- The data
######

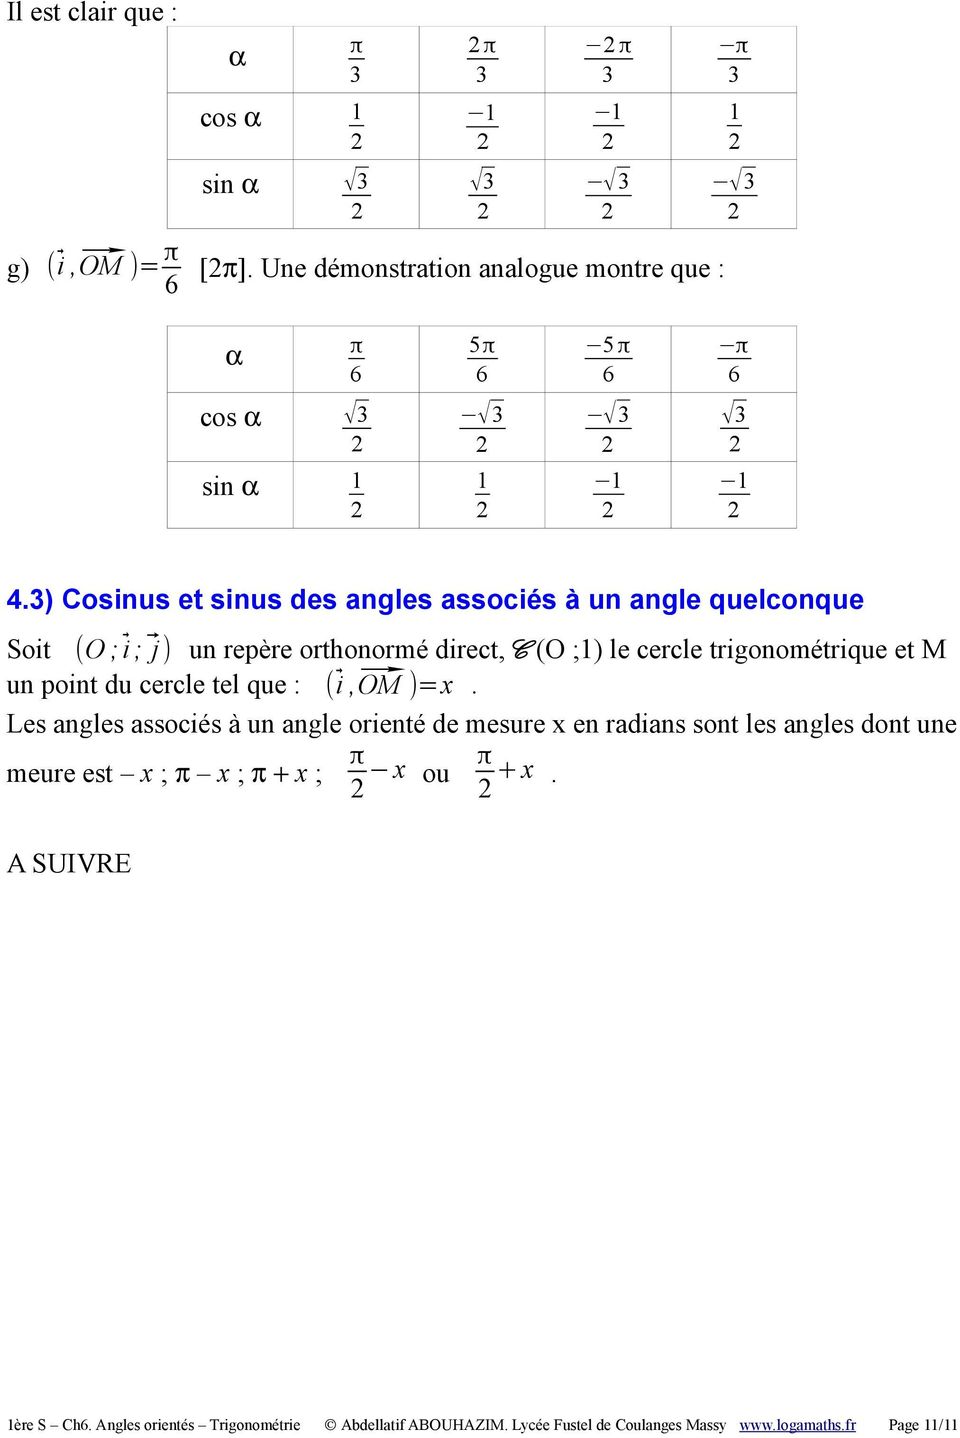 ) Cosinus et sinus des angles associés à un angle quelconque Soit (O ; i ; j ) un repère orthonormé
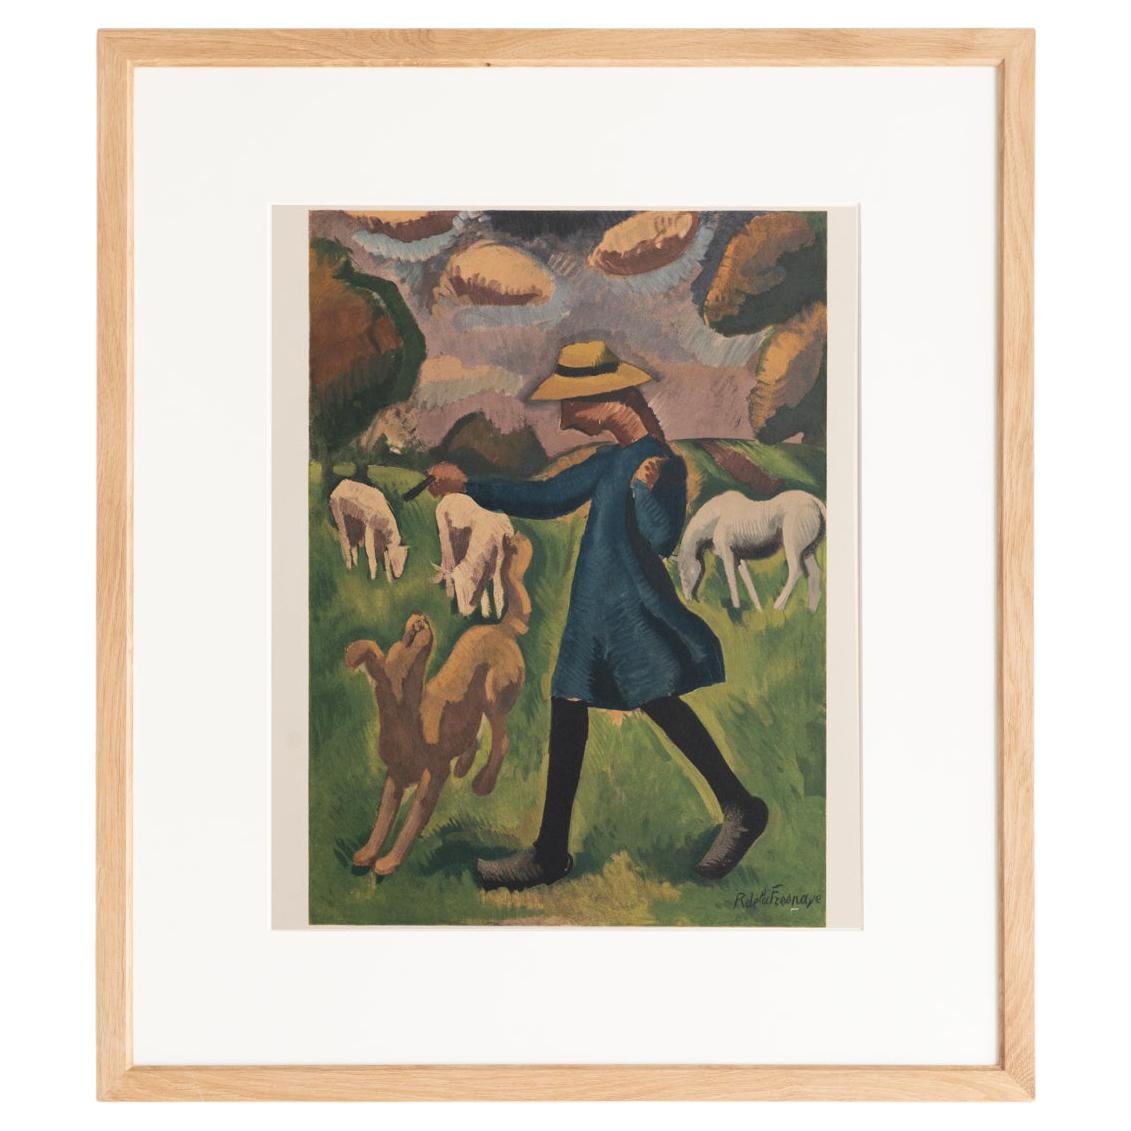 Roger de la Fresnaye 'La Gardeuse de Moutons' Lithographie encadrée, circa 1968
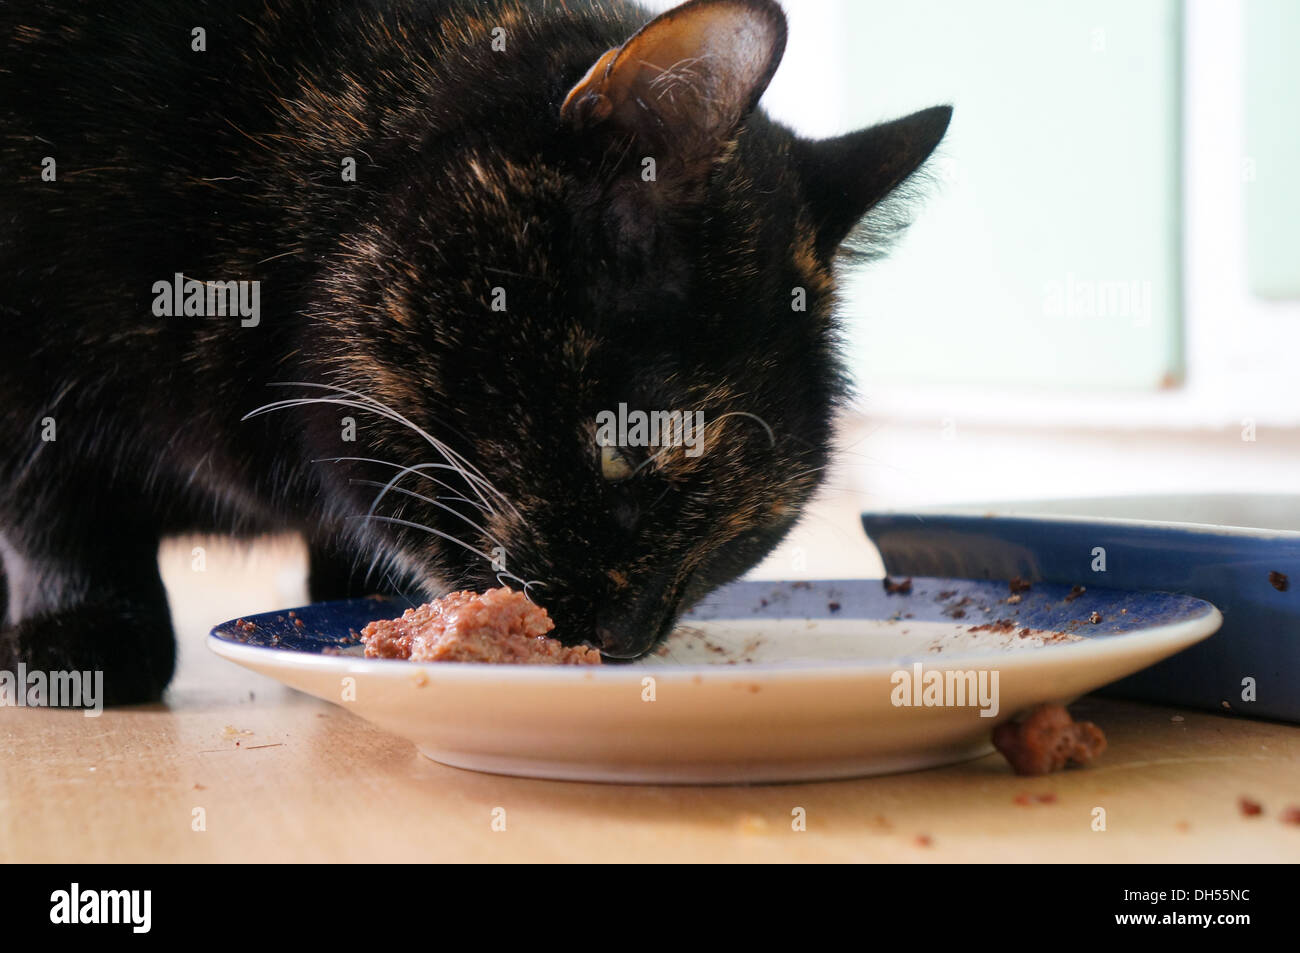 Black Cat de manger des aliments à partir d'une plate Banque D'Images
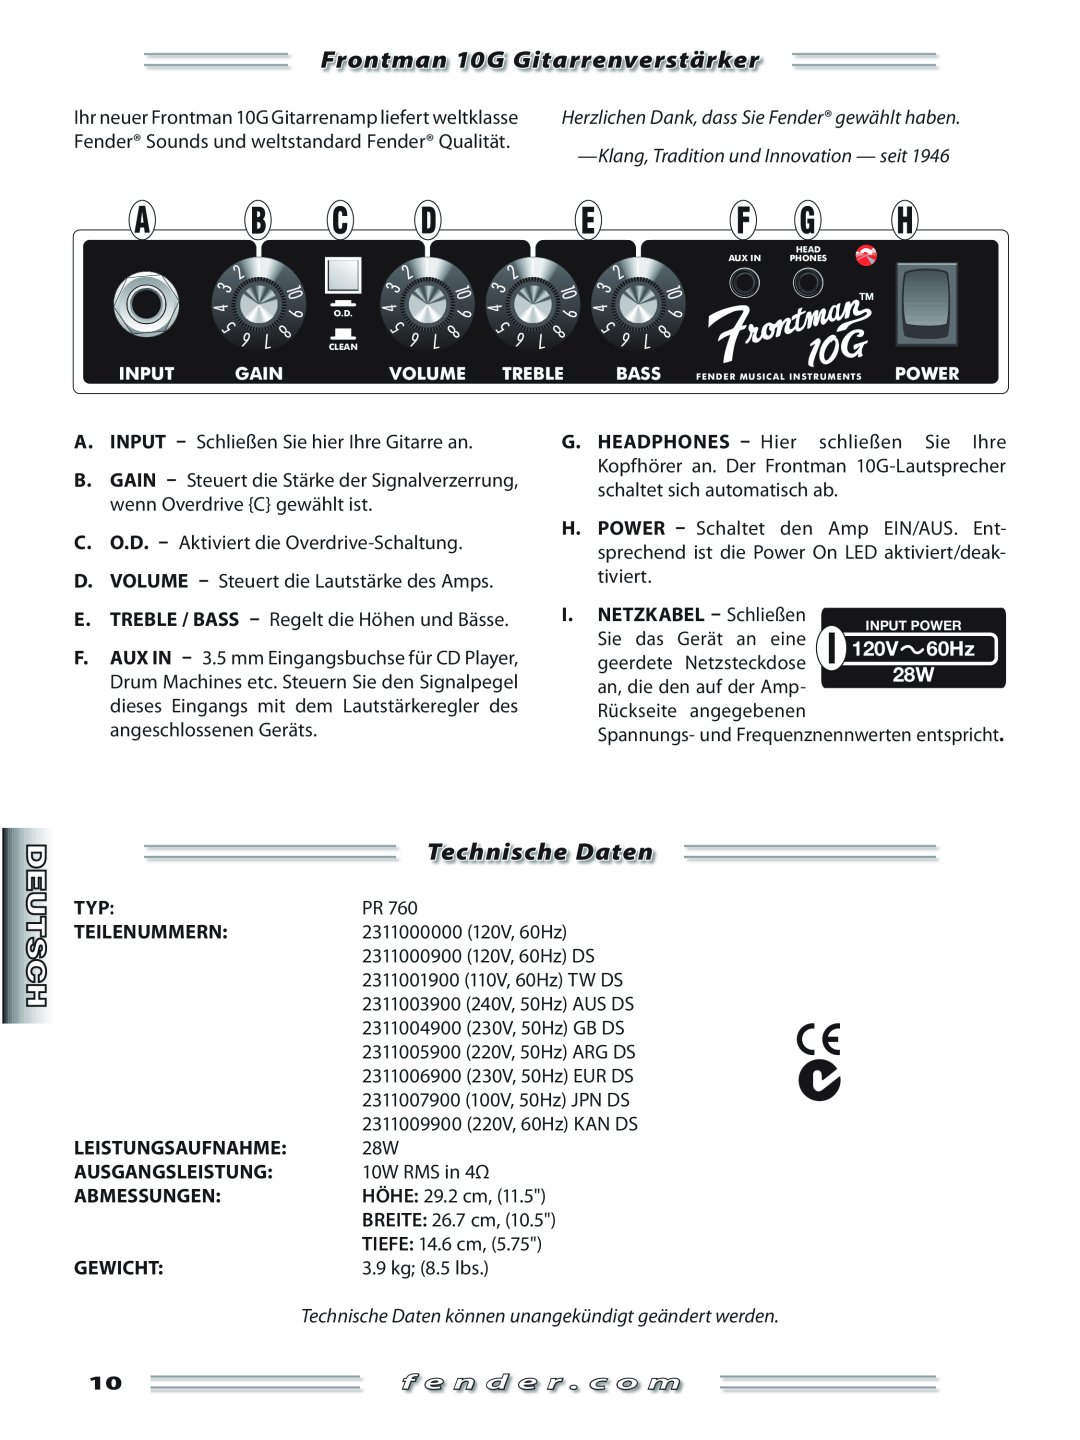 Fender Frontman 10G Gitarrenverstärker, Technische Daten, Fender Sounds und weltstandard Fender Qualität, Teilenummern

######

- The problem
An exact copy of the listing is required; return it without any pictures.

- Answer box
 ) Cosinus et sinus des angles associés à un angle quelconque Soit (O ; i ; j ) un repère orthonormé
 Roger de la Fresnaye 'La Gardeuse de Moutons' Lithographie encadrée, circa 1968
 Black Cat de manger des aliments à partir d'une plate Banque D'Images
 Fender Frontman 10G Gitarrenverstärker, Technische Daten, Fender Sounds und weltstandard Fender Qualität, Teilenummern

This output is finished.